Juan started as a diabetes patient on November 14 with all the necessary health care

This opinion is shared among various patients, as claimed Soledad Campos, mother of Juan, a pediatric patient with type 1 diabetesand secretary of the Seville Diabetes Association, who debuted at six years old with symptoms “unusual for him.” With “almost four grams of sugar,” Juan started as a diabetes patient on November 14 with all the necessary health care.

“Thanks to the insulin pump, now as a mother I can rest at night,” admits Soledad, who assures the importance of having new technologies to improve the quality of patients and families. However, “not everyone has the same access to this technology,” she says. In addition, each community and each hospital makes insulin pumps available to the patient under certain criteria, “there is no free choice”.
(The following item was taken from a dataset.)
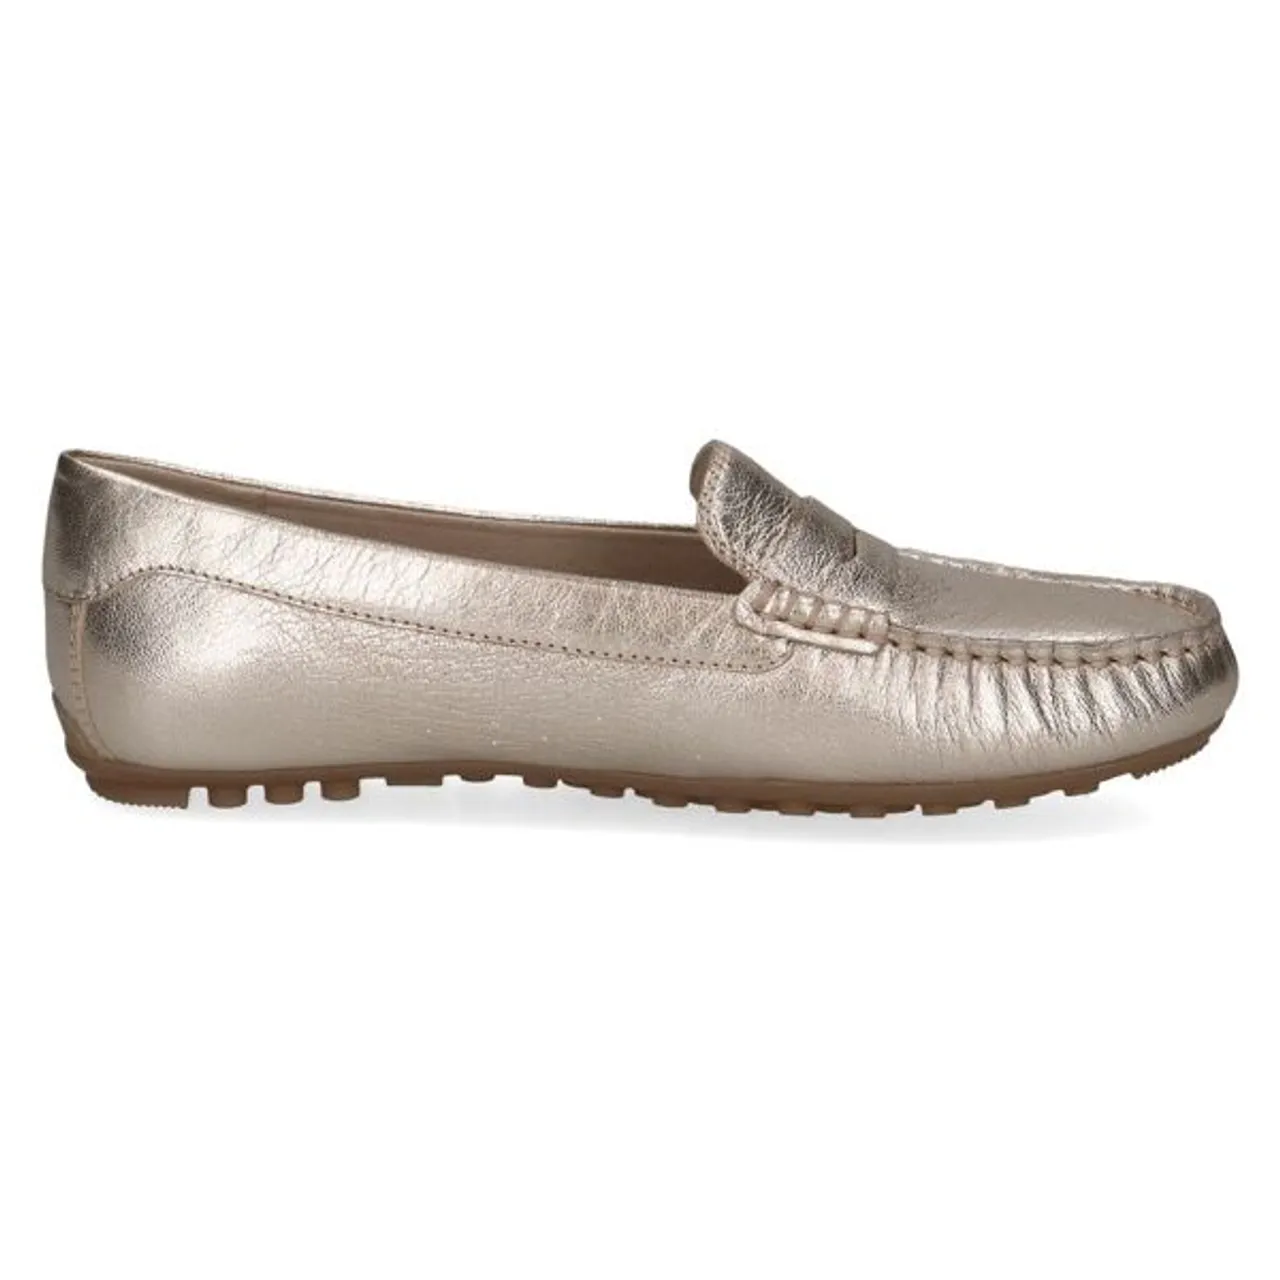 Mokassin CAPRICE Gr. 37, silberfarben (platinfarben, metallic) Damen Schuhe Slip ons Loafer, Halbschuh, Slipper mit schönem Zierriegel

THE ROLE OF THE FAMILY IN TYPE 1 DIABETES

Diabetes has a strong emotional impact. A study published in Diabetes Care points out the relationship between diabetes and depression, which highlights the importance of mental health management in patients with diabetes and their families. In this sense, healthcare support, connections between associations and the power of share similar experiences contributes to better mental health of patients and families.

“I miss an equal,” explains Campos who, although with the role of endocrinologist and nurse caregiver, claims the importance of feeling understood for those who are going through this situation. The process of uncertainty and acceptance of the disease was also a battle for Juan’s parents. “How do you explain to a six-year-old child that he has to be pricked for life?” insists Soledad, adding, “it is a hard adaptation process.”
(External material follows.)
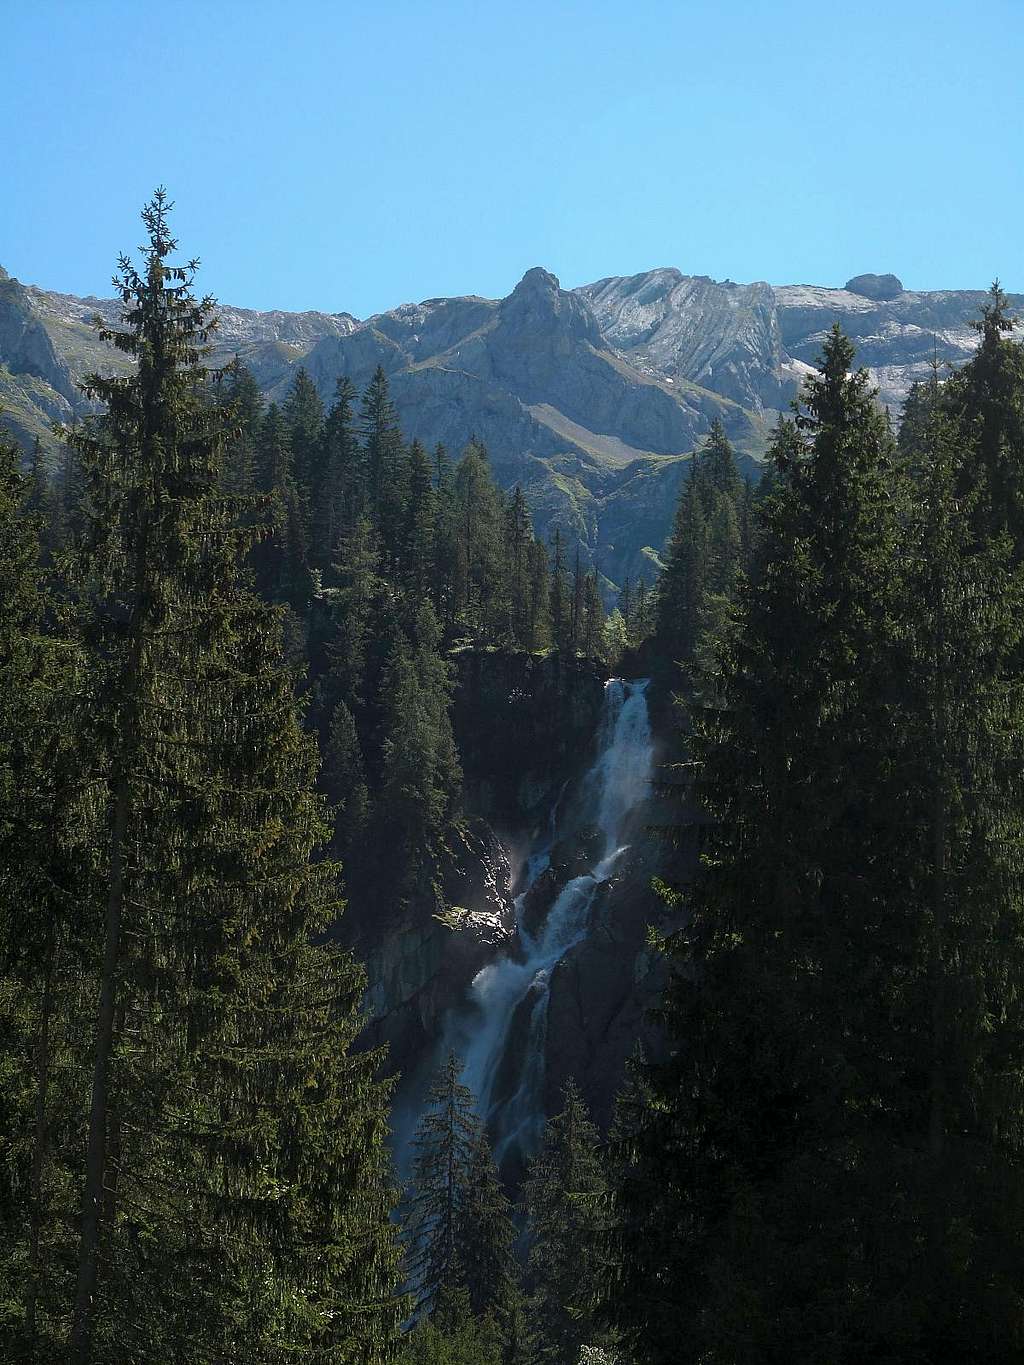 The Iffigenfälle waterfall

In this sense, Soledad demands a guided care, “some specialist in pediatric diabetes to guide you in the hospitals,” he assures. Furthermore, “urgent psychological attention is needed.” For both children and parents it is essential because “the child may get tired of carrying a bomb at some point or will have to stop playing soccer because he has a letdown,” explains Campos. “Psychological care has never been looked at and it is very necessary, also for parents when their children debut,” he concludes.